In detail, the light source system 200 and the detector 300 are disposed on the water pipe in an inlaid manner, the emitting port of the light source system 200 is located on the pipe wall inside the water pipe 100, the light emitted from the light source system 200 is conveniently irradiated to the liquid in the water pipe 100, the detecting end of the detector 300 is also located on the pipe wall inside the water pipe 100, and the AIoT module 400 is also located on the water pipe 100.
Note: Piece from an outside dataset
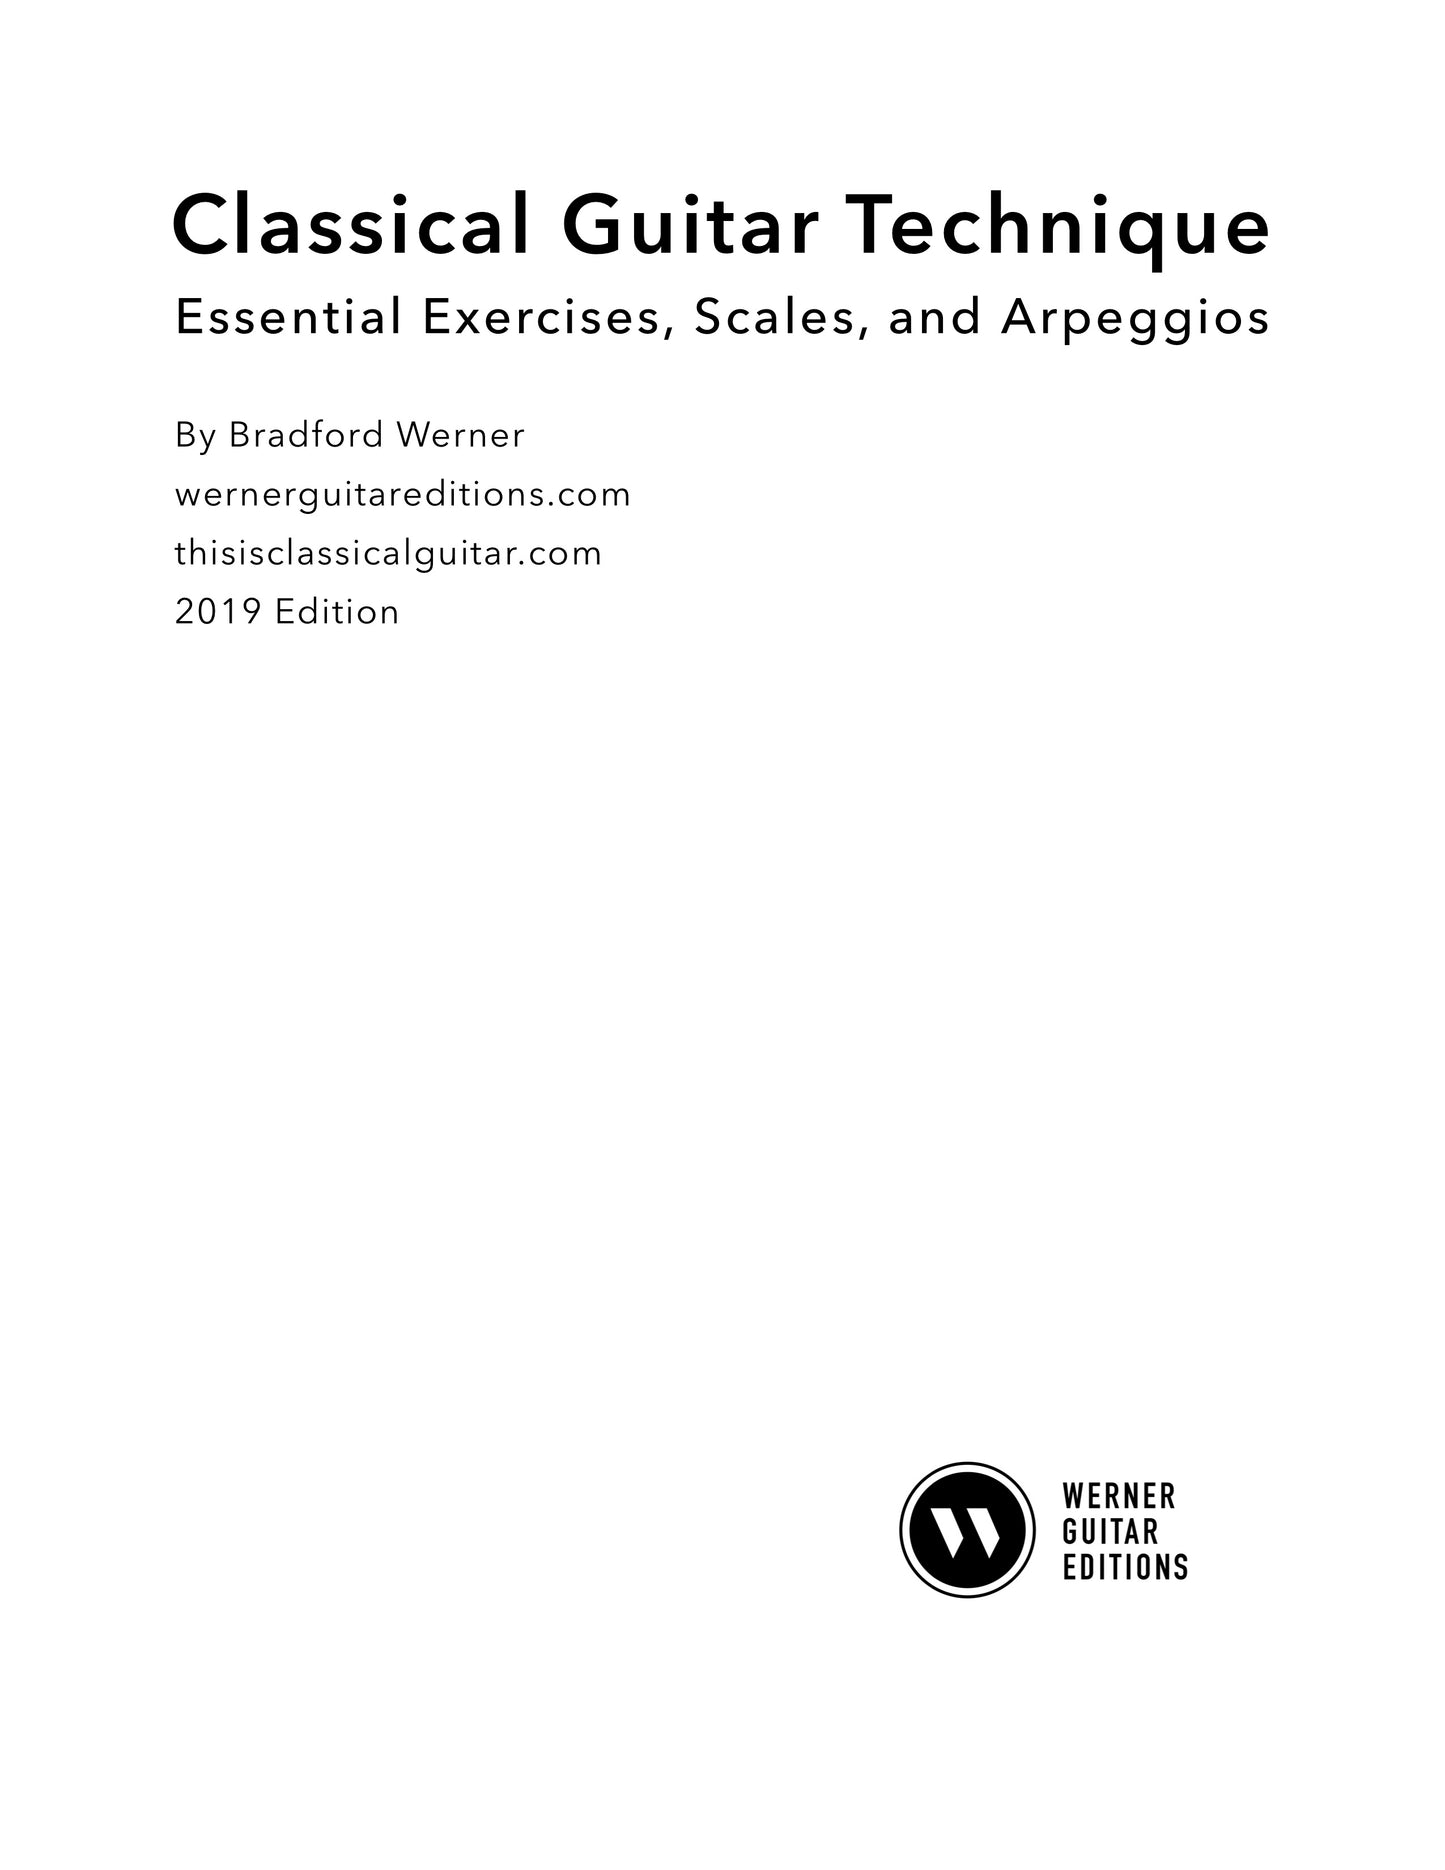 Classical Guitar Technique: Essential Exercises, Scales, and Arpeggios (PDF)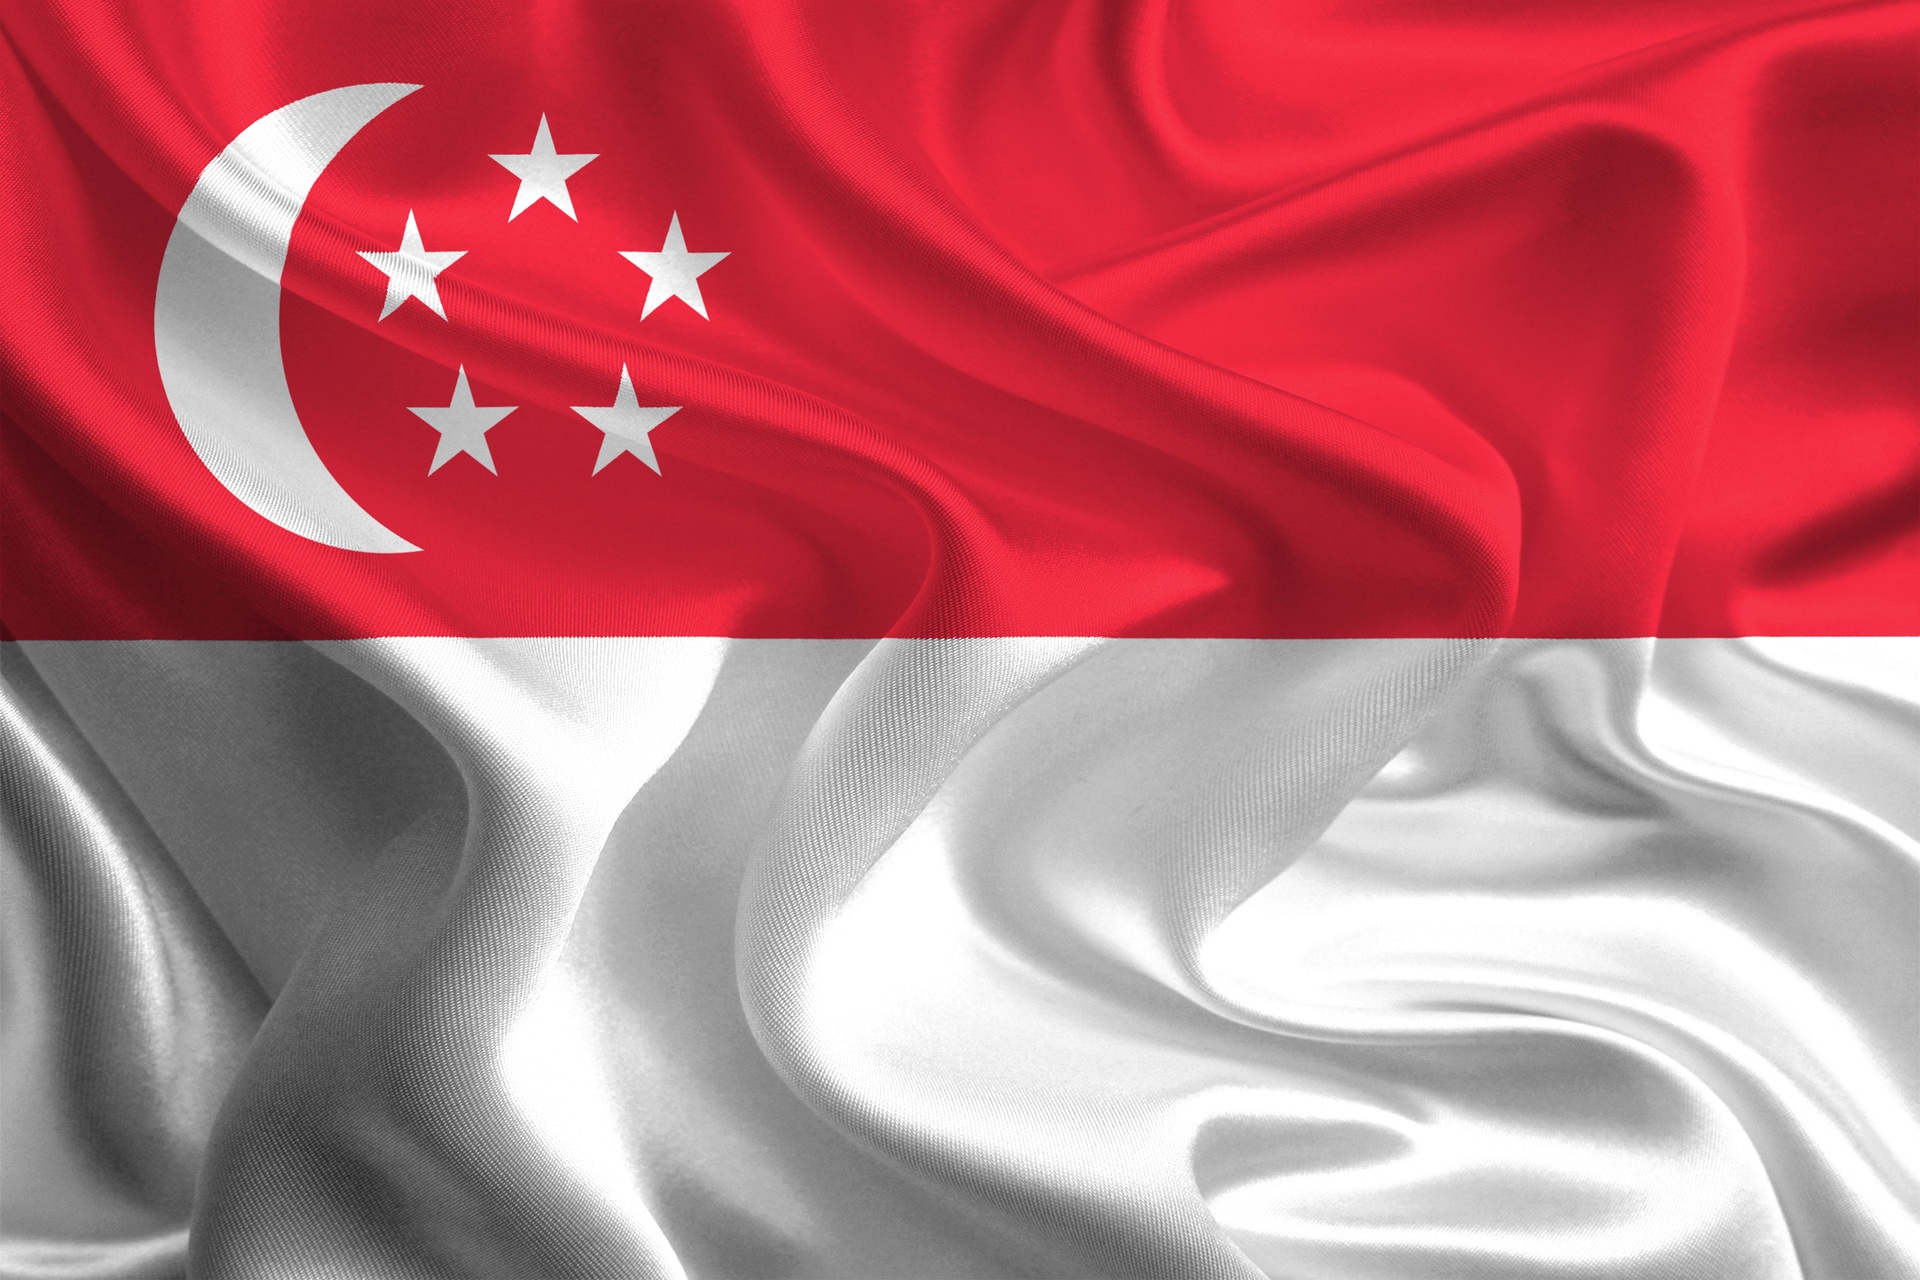 सिंगापुर कंपनी निर्माण सिंगापुर कंपनी निर्माण फिडुलिंक कंपनी निर्माण

It will be appreciated that the light source is capable of scattering a portion of light while passing through the liquid (water) within the water pipe 100, and that a portion of the scattered light is captured by the detector 300, and the detector 300 detects the intensity of the captured light and then sends a specific signal to the AIoT module 400, and the signal, after being processed by the AIoT module 400, can be used to determine whether the turbidity of the liquid within the water pipe 100 meets the standard. Compared with the prior art, the turbidity meter detection device is simple in structure, can solve the problem of complicated turbidity meter detection, improves turbidity detection efficiency and saves manpower.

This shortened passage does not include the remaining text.